The public isnt going to recognise that NCTQ is a sham front for the ed deformers and that everything that comes out of that organisation is BS, designed to serve the corporate agenda and achieve its goals, unless you tell them…. the public is just going to believe what comes out on official-looking letterhead unless you tell them who is behind all of this…It’s just like the NSA spying scandal – people naively believe that the govt has their best interest’s at heart UNTIL someone show’s what is really going on….
Time to pull back the curtain and show who are the puppet masters….
Kevin Huffman, Chris Cerf and all the other BROADIE Chiefs endorsed the NCTQ report.

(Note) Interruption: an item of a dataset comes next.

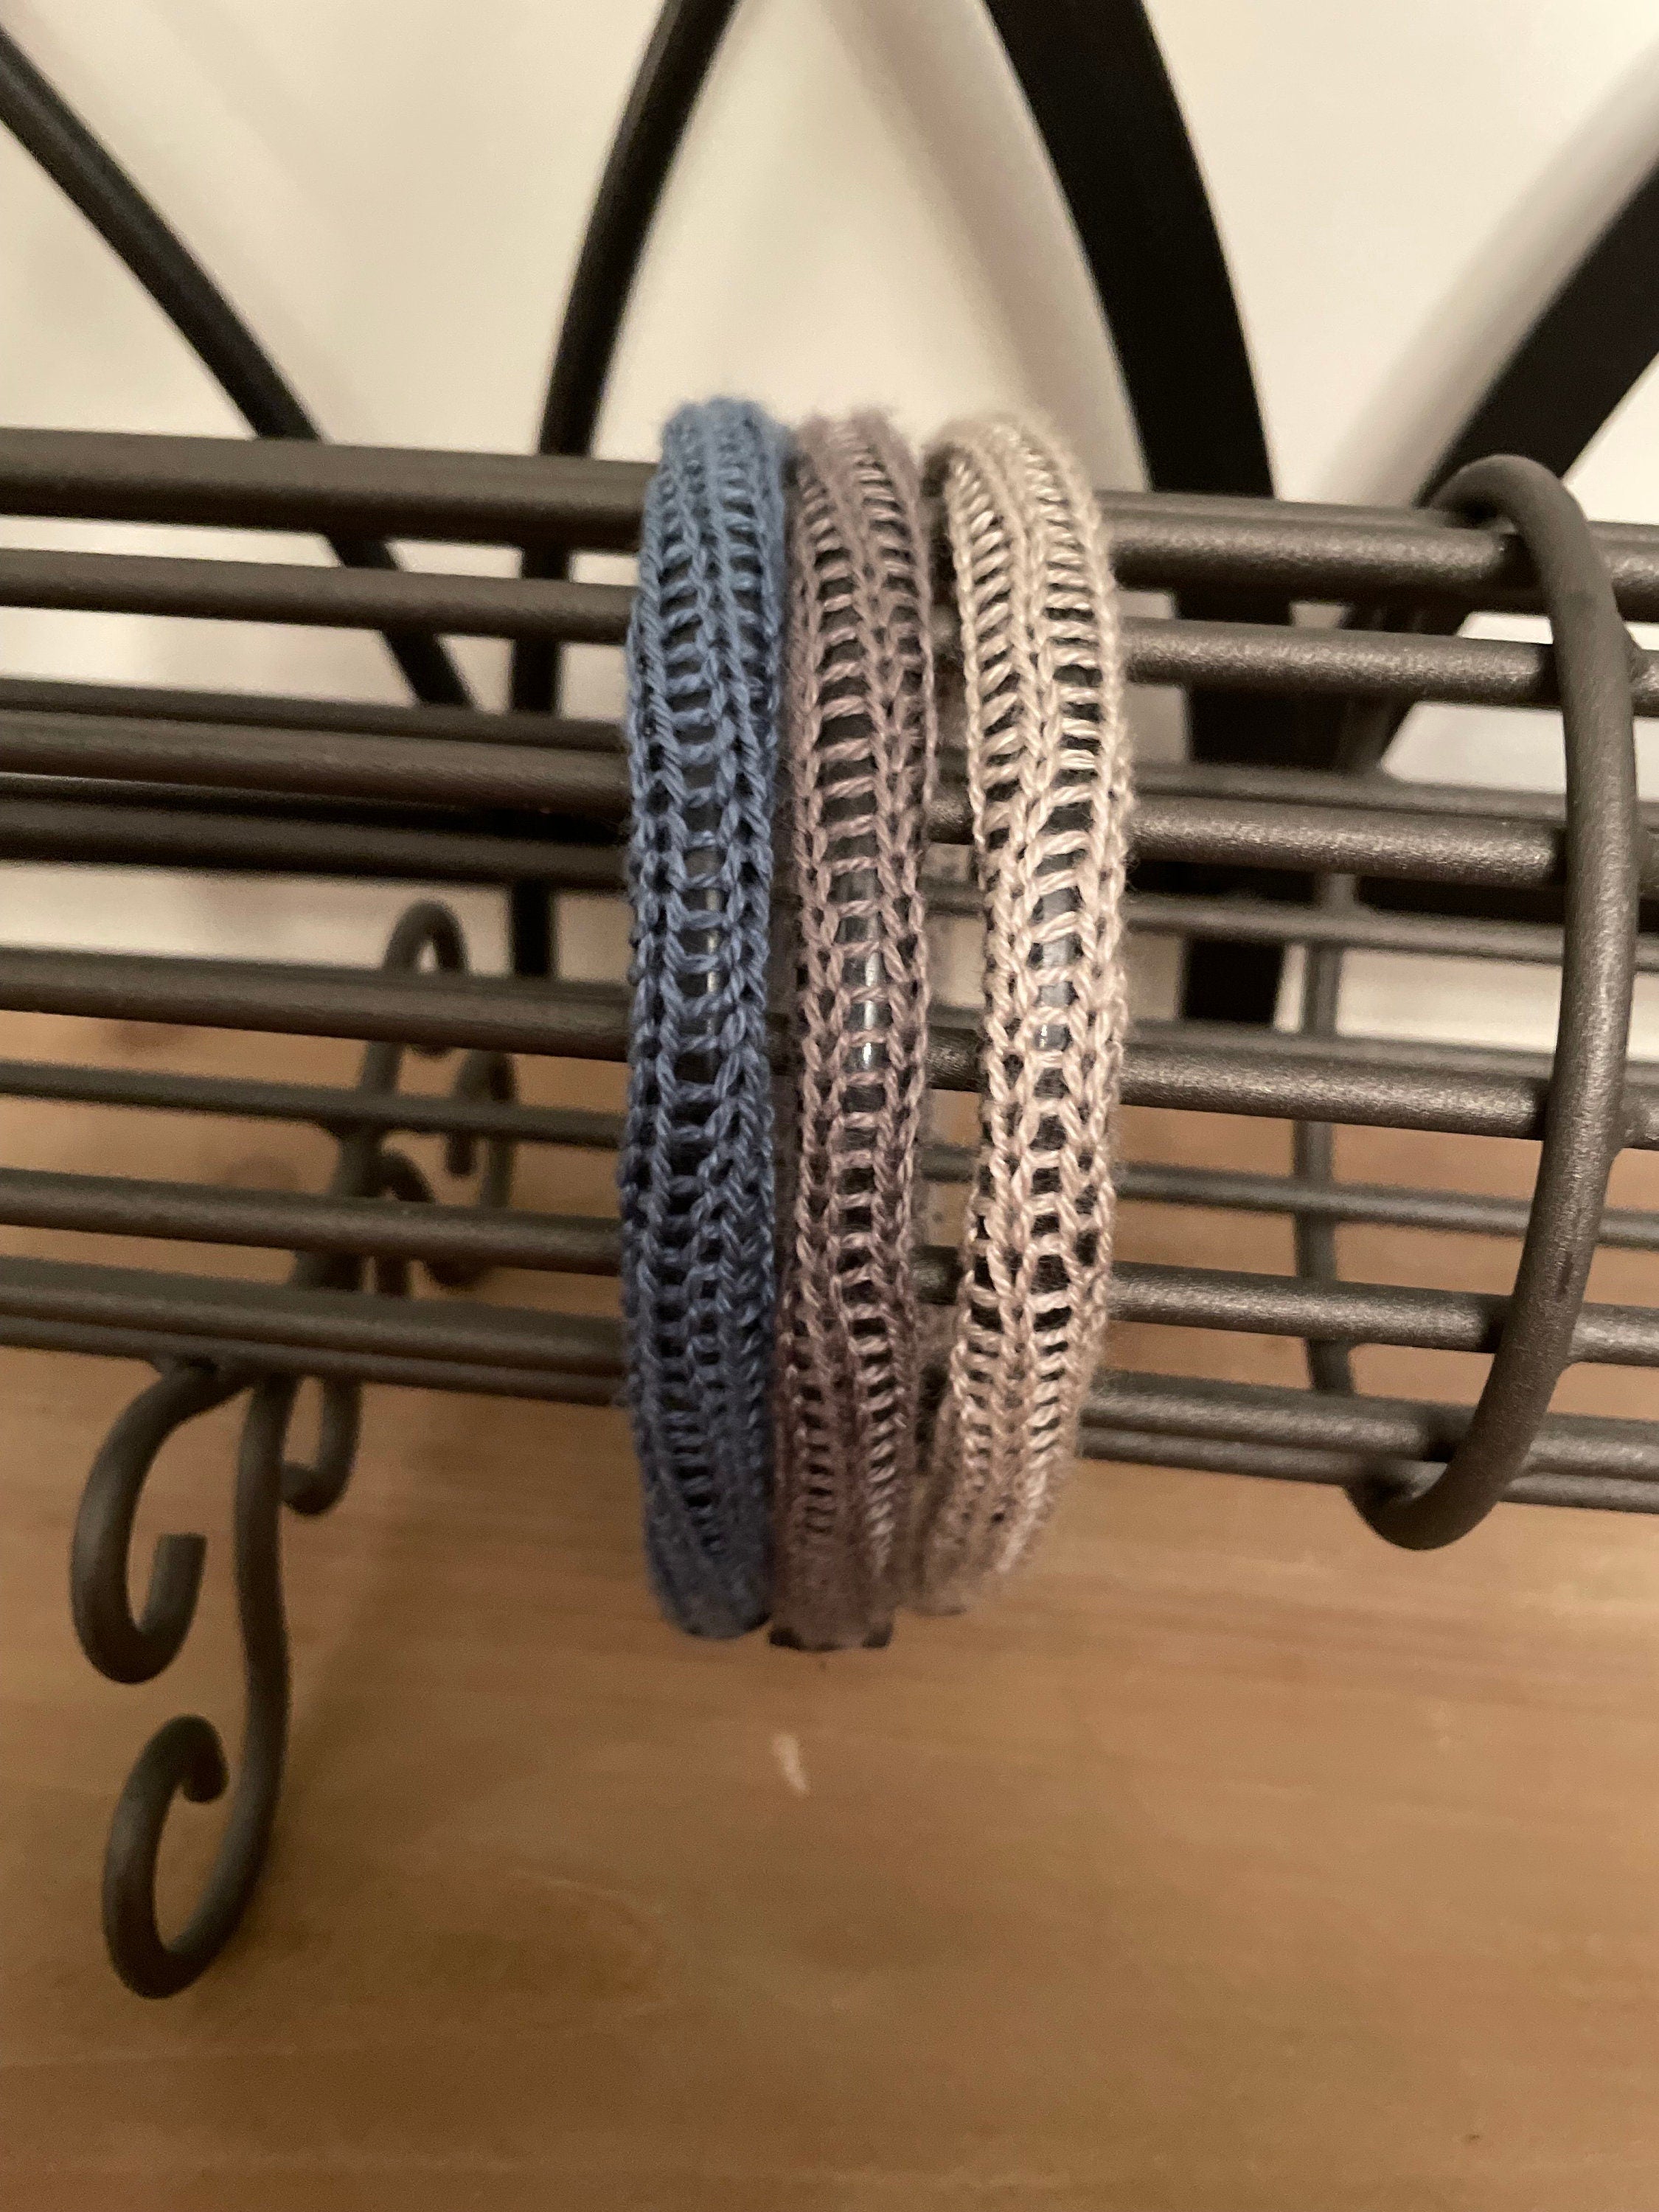 Set of 3 Knit Net Headbands

Additionally, there are BROADIES on the Board of Directors and BROADIES on the Advisory Board too!
So what can we say about ELi Broad’s ten weekend Superintendent Academy?
That it’s 110% Pure USDA Grade AAA Bovine Excrement.
The chutzpah it takes to do something like the Broadie Academy is beyond belief.
It’s basically Checker Finn and his whole gang, same old suspects. I was glad the NY Times didn’t cover it, because the whole thing is a press release, not a news story.
Checker Finn????
Chester Finn, aka Checker Finn, staunch rheeform lobbyist in Texas, former education official under Bush the 1st, and an overall disingenuous human being.
Isn’t this pretty much the same way our K-12 schools are being “evaluated”?
No boots on the ground, just a sample lab analysis done, perhaps, on the day the chef was out sick.